§ **REQUIRED ACTION**: Every line from the start of the data through the line containing "On-demand shipping options" should be retyped exactly; the pictures should not.

§ **DATA**:

* * * * * * *

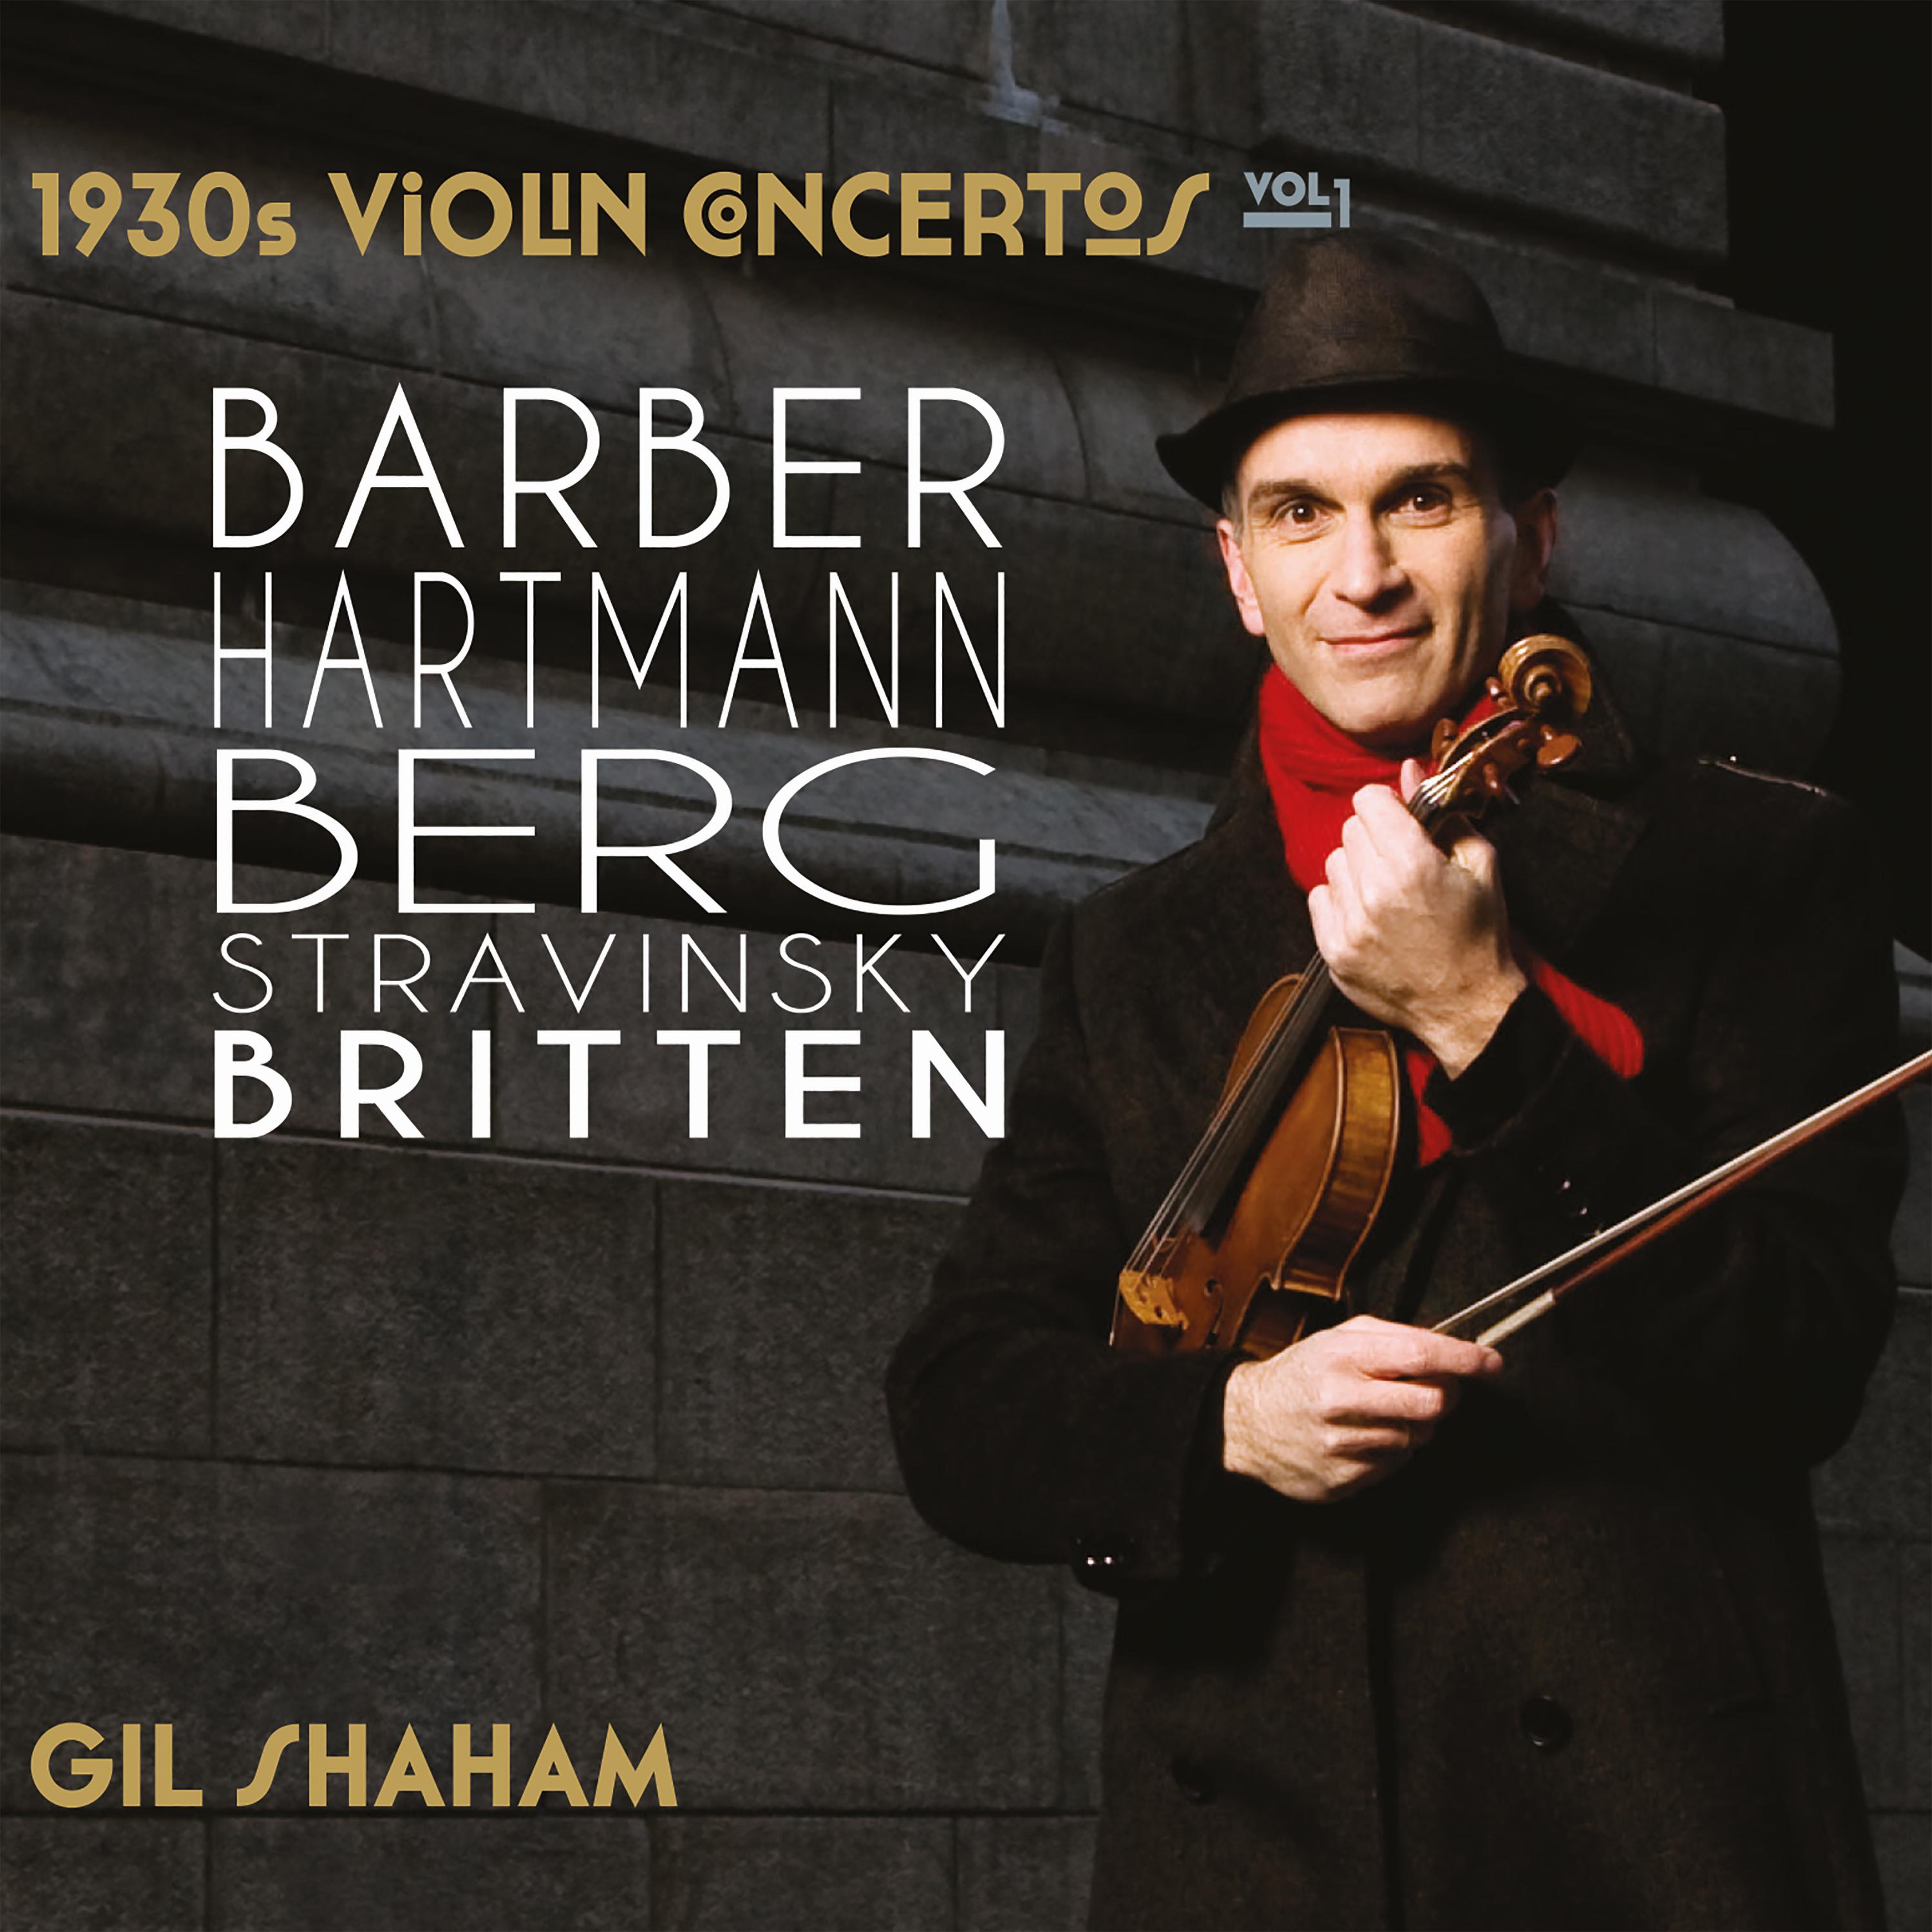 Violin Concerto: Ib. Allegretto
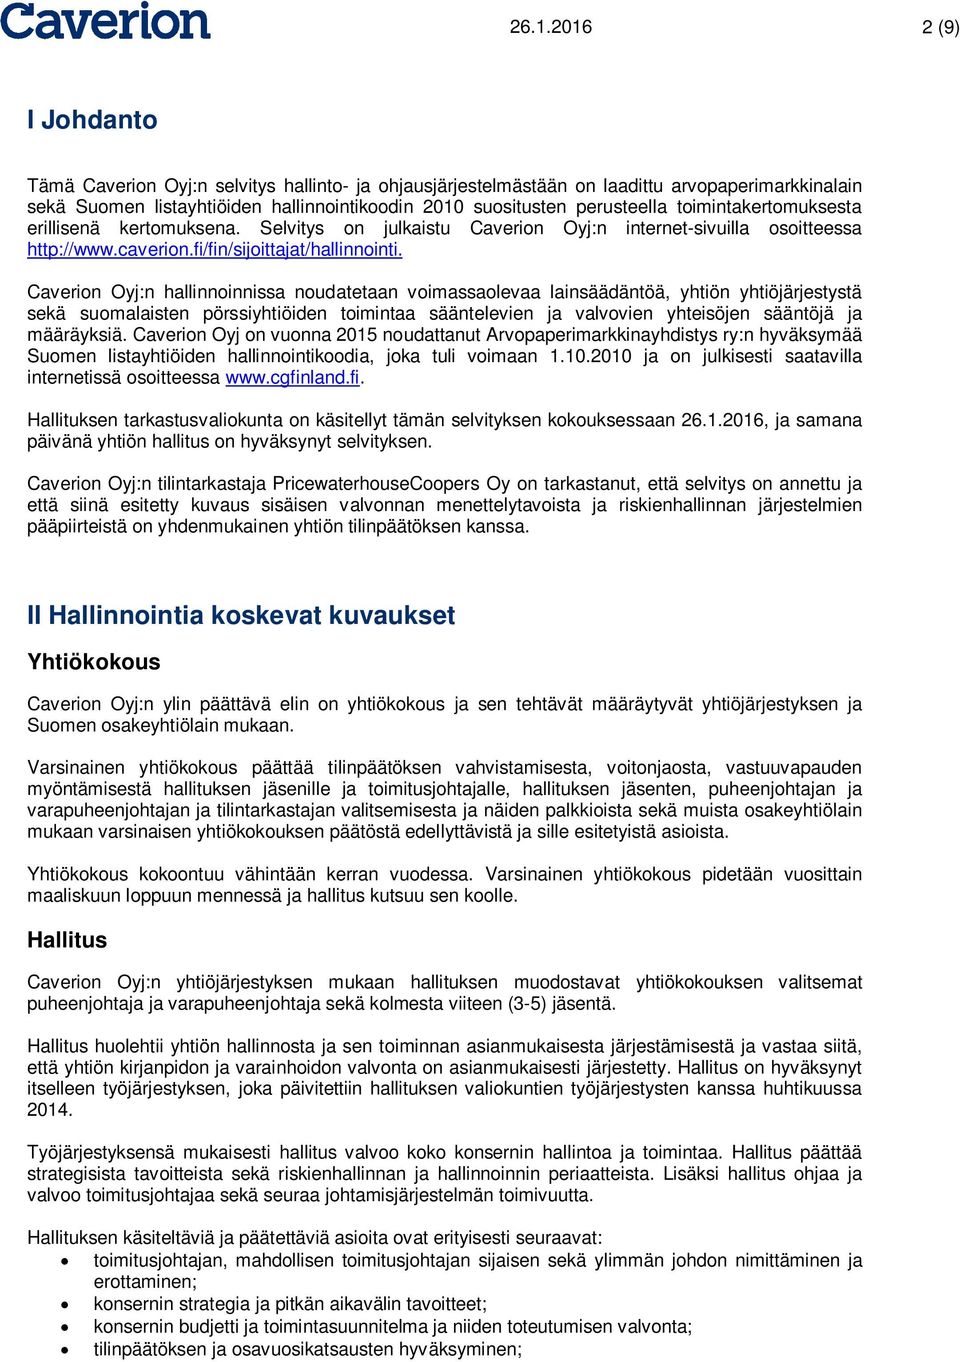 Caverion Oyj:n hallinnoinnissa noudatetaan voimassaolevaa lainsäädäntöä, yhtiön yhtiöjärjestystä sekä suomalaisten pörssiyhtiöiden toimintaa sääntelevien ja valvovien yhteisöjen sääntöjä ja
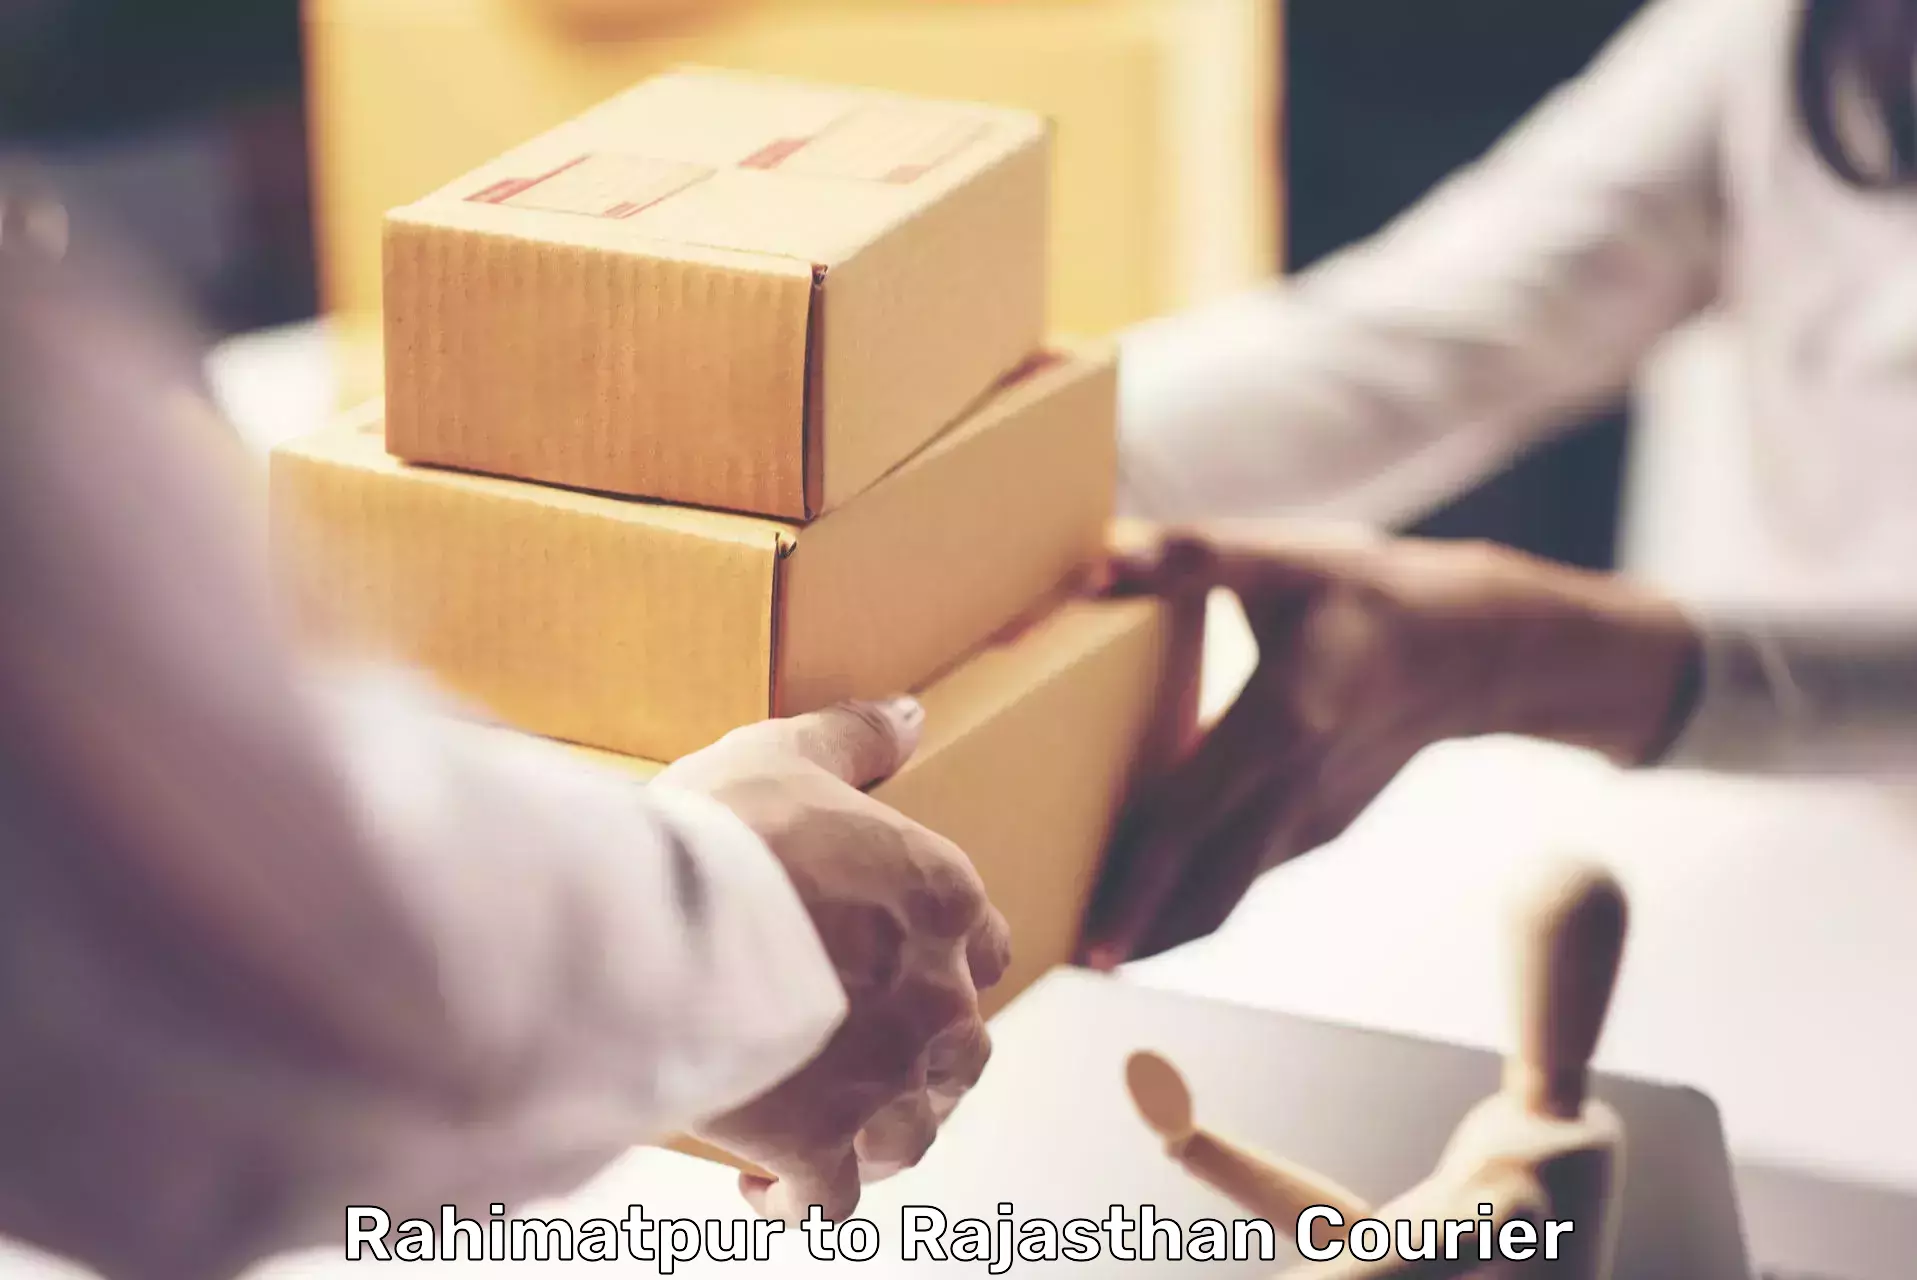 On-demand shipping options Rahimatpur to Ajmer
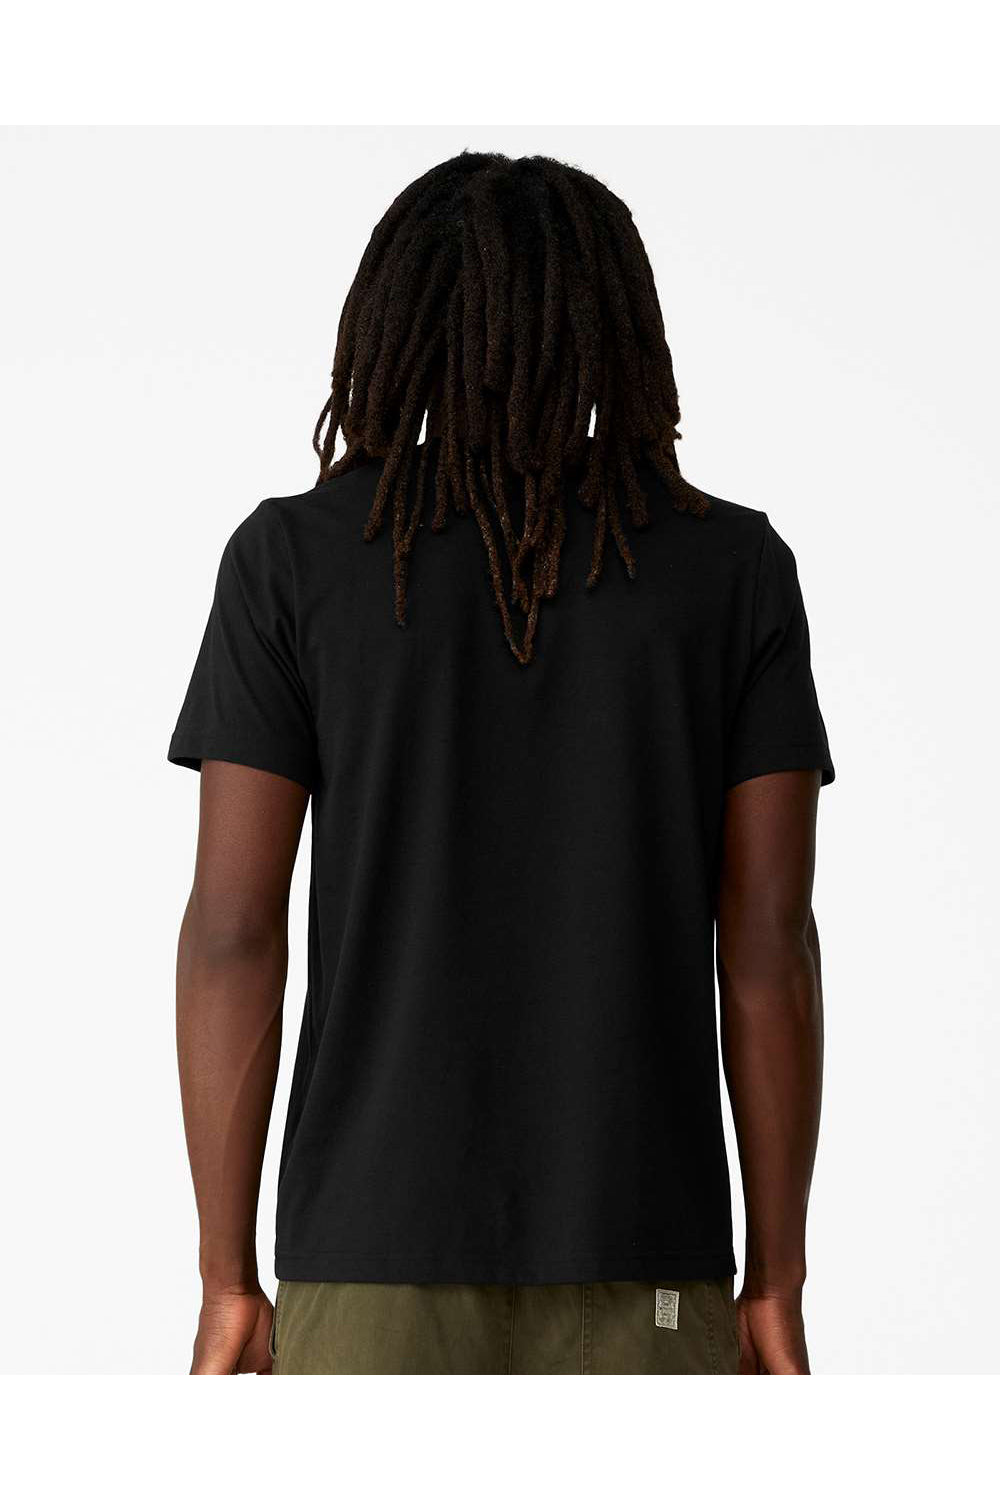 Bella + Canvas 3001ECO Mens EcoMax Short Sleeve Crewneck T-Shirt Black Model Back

* * * * * * *

§ **THE ANSWER**:
 Violin Concerto: Ib. Allegretto
 Caverion Oyj:n hallinnoinnissa noudatetaan voimassaolevaa lainsäädäntöä, yhtiön yhtiöjärjestystä sekä suomalaisten pörssiyhtiöiden toimintaa sääntelevien ja valvovien yhteisöjen sääntöjä ja
 On-demand shipping options Rahimatpur to Ajmer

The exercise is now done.